Central American Countries Look Beyond US

Threatened by the collapse of U.S. financial markets, the countries of Central America are reinventing globalism as a necessary survival tactic for the economic hard times to come.

For the past decade, the globalism of Central American economies has mostly meant strengthening ties with the United States. But today, with the region’s main trade partner in recession, the vulnerable economies of Central America are looking over the fence of ”America’s backyard” to neighbors farther afield in South America, Europe and Asia.

”For years we have wanted to sustain ourselves based on a model of globalization that was supposed to resolve our problems on its own, but it didn’t prepare our economies to be energy independent, food independent or financially independent,” said Honduran President Mel Zelaya, a born-again leftist who recently signed his country up for Venezuela’s Bolivarian Alternative for the Americas (ALBA), a cooperation agreement among several Latin American countries that adhere to Hugo Chávez’s vision of “21st-century socialism.”


Earlier this month at the Central American presidential summit that focused on the region’s response to the global financial crisis, Zelaya said that the U.S. model of globalism has “only created more underdevelopment and backwardness in our countries.”

Nicaraguan President Daniel Ortega, of Latin America’s old-school left, has called the U.S. crisis ”the funeral of capitalism.” Ortega, also an enthusiastic member of ALBA, has called for ”an alternative model of development” based on solidarity, justice and Latin American integration.

”Just four years ago, this alternative model seemed like a dream, but now it’s becoming a reality,” Ortega said during a recent speech.
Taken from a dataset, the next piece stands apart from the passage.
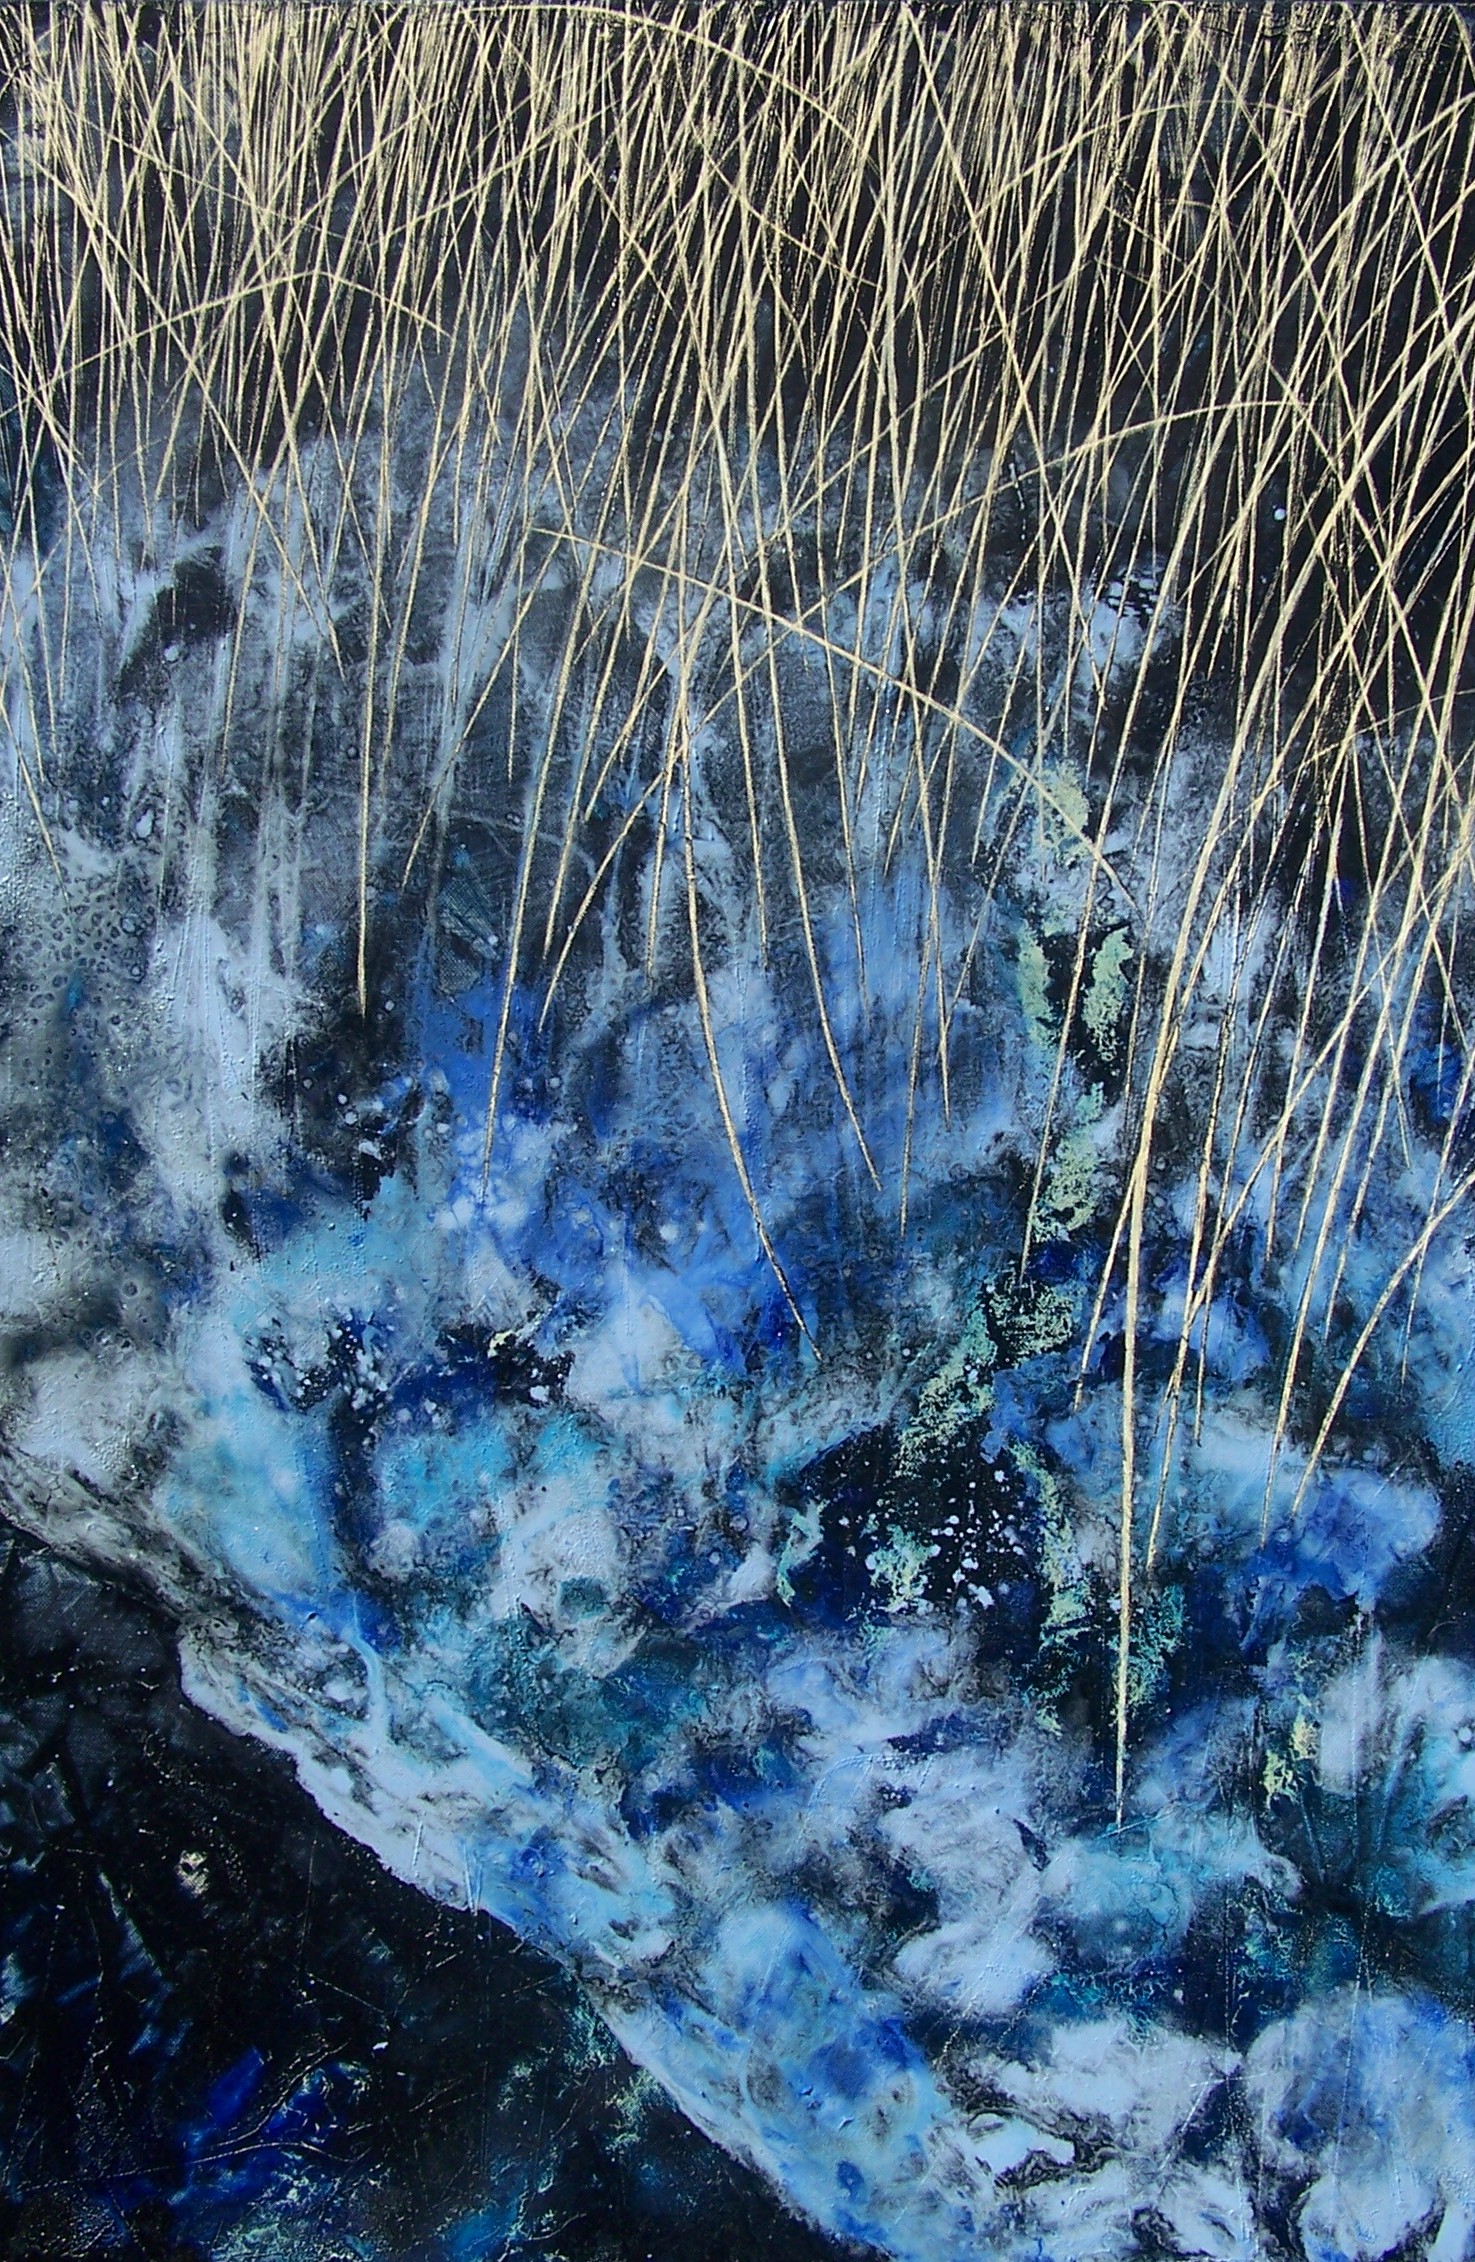 Frozen Line, Winter reeds 2, oil on canvas

As 2009 approaches ominously, the concept of seeking refuge in an alternative model — or at least in alternative markets — is becoming more widely accepted by pragmatists as well as ideologues.

Even Salvadoran President Tony Saca, perhaps the United States’ staunchest defender in Latin America, admits that the status quo of promoting free-trade exports to the United States is about to ”take a severe hit.” Saca is now calling on Central America to shift its focus more toward ”intraregional trade” to offset next year’s expected decline in U.S. consumer demand for Central American exports, such as textiles, meats and computer products.

Money sent home from Central American immigrants working in the United States is also expected to dip next year as more workers get laid off from slumping construction and service industries. A drop in remittances, the main lifeline of foreign income injections in most Central American countries, would provide another major blow to the region, economists warn.


While Nicaragua and Honduras are banking on Chávez’s dwindling oil empire, and El Salvador and Guatemala look closer to home in an attempt to strengthen trade from within Central America, Costa Rica — the region’s most developed economy — is looking across the globe to Asia for answers.

Costa Rican President Oscar Arias surprised the region in June 2007 by making his country the first in Central America to officially recognize China, thereby severing its 60-year-old relationship with Taiwan.

Though Arias, a Nobel Peace Laureate for his work spearheading the Central American peace plan in the 1980s, has drawn heat for his decision to buddy up to China, the Costa Rican government insists it’s only accelerating the inevitable process of recognizing the world’s next superpower.